I stare at it, until my tears fall.

It isn’t just the tire swing, it’s that I promised Lisa I would swing her in it and I haven’t. It’s that I’ve somehow become the woman I hated so much, the woman that died so long ago. My secrets and sacrifices used to feel like an homage to love, and now it feels like the poison of it.

It kills me one tiny lie at a time.

And now that I stand at a crossroad in my life, I wish I had my love to keep me strong. I wish I had my wife to keep me upright. I wipe my face, eyes fixed on the snowdrift near the tire swing. There is another reason I’m crying here in the car over that tire swing. It’s because of my dream, the nightmare I couldn’t remember that has been chasing me for five very long years. I can hold onto it now.

And it starts right here.

I pop the car door, letting the cold wind rush in on me. Instead of heading inside, I walk across the yard, my boots crunching over snow, as I trace my way to the swing. Once there, I crouch down until I’m eye level with the top of it.

I’m staring into bright hazel eyes. They are framed with a curtain of curls that sway in the breeze. The little girl is plucking at her pant leg, sitting alone. Waiting. She has my eyes and Lisa’s chestnut hair. She’s our baby. I know it like I know my own name. She looks so much like Emily used to when she was little with her angelic little face. The girl’s expectant face lifts to focus on something behind me. When I turn, I see a car pulling into the driveway. It’s not mine or Lisa’s, it’s another car. The back door pops open and a garbled voice pours from it.
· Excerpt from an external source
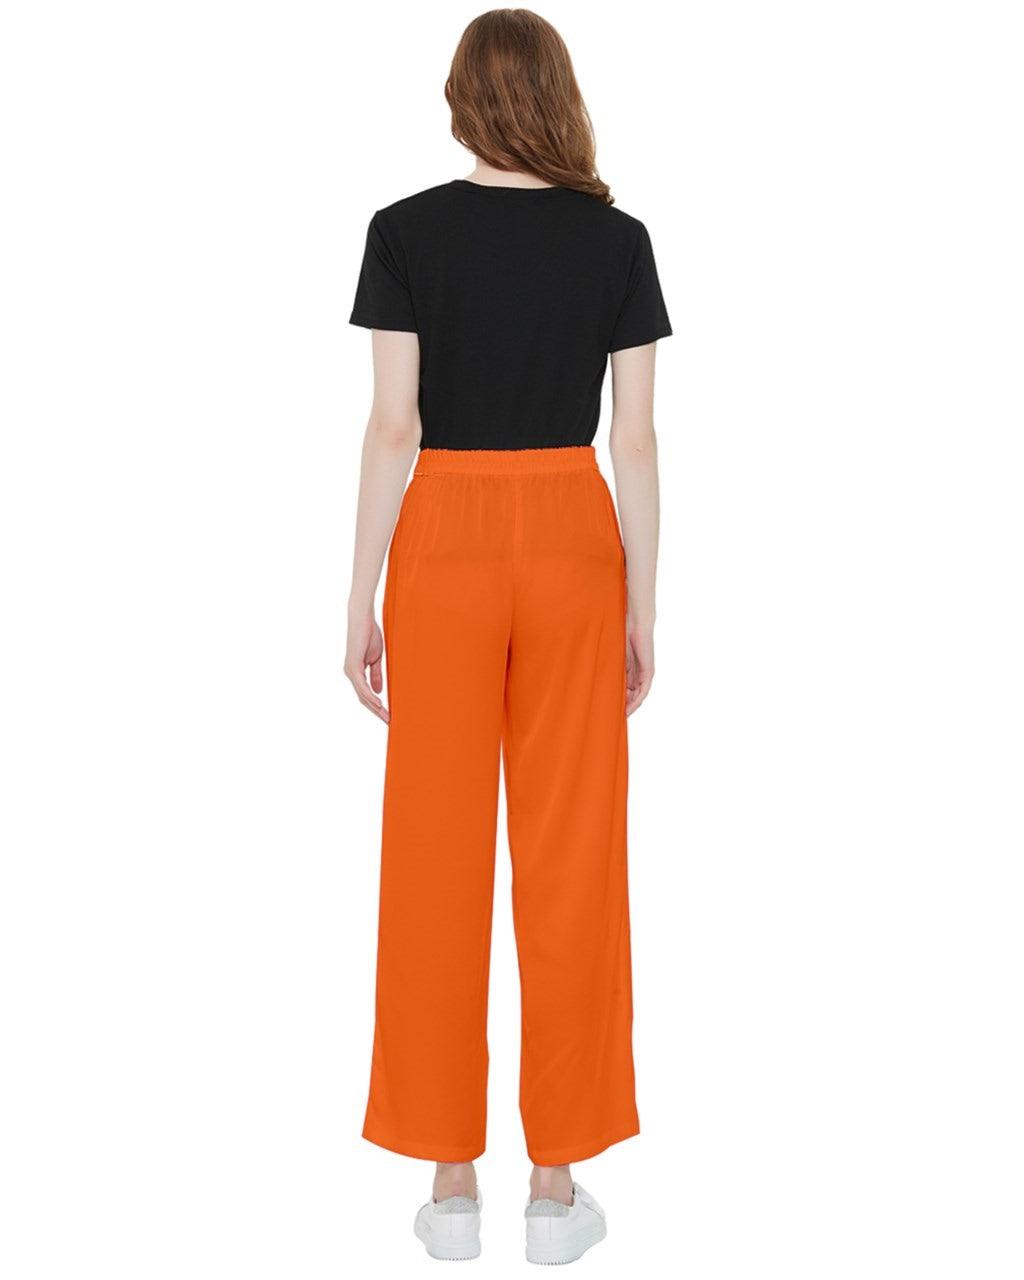 Mandra Orange Bootcut Pants - Blissfully Brand
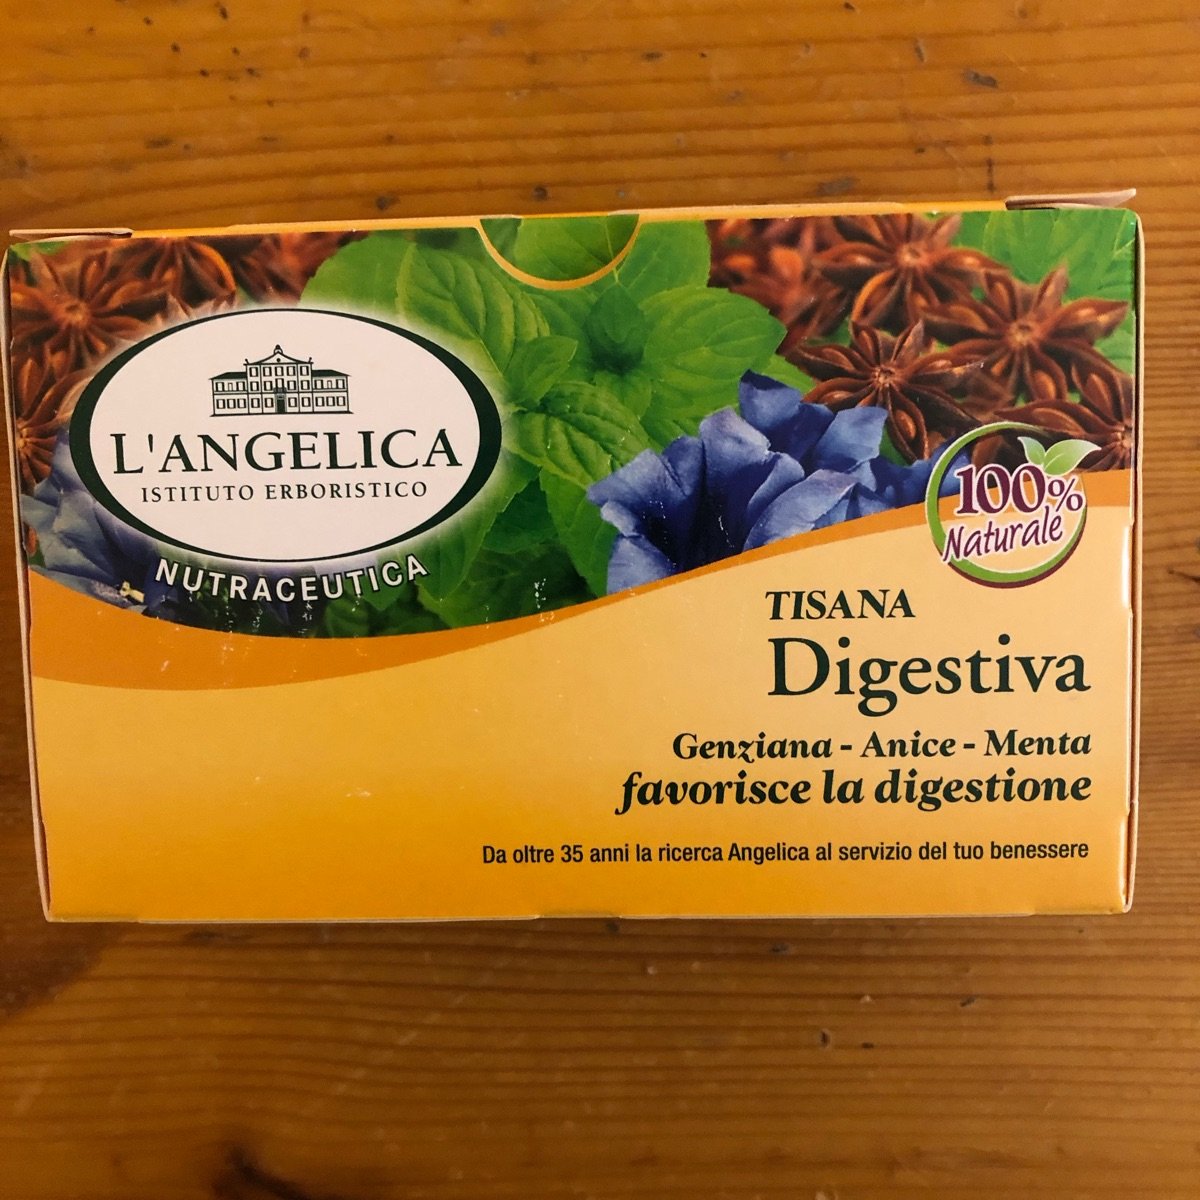 L'angelica Tisana digestiva Reviews

I can’t understand the words, and I’ve tried so hard to hear them.

Our daughter slides free of the tire swing and walks into the car. Every time I dream this, I try to tell her to stop, to not get into a car with someone, but she doesn’t listen. She can’t hear.

She just goes.

And I follow, moving faster than I’ve ever run. The ground speeds beneath me, and I keep with the car as it blurs over the street. I follow it until New York City as all its monochrome glory juts into the sky like the teeth of a hungry animal.

Ready to eat me up and tear me to pieces.

Then, I trip and fall because I know where I’m going and what day it is.

The street is hard against my hands, palms scorched by skinning them in my fall.

It takes a moment, but the jerk of reality shifts me somewhere else. I’m standing in midtown. I know it well, the congestion of other cars humming with purpose. The vehicles blow past me, unaware of my presence, and I spin searching for the vehicle that holds our daughter. It passes right by me, within range of my touch and I pound on the window, but my fist bounces off it soundlessly.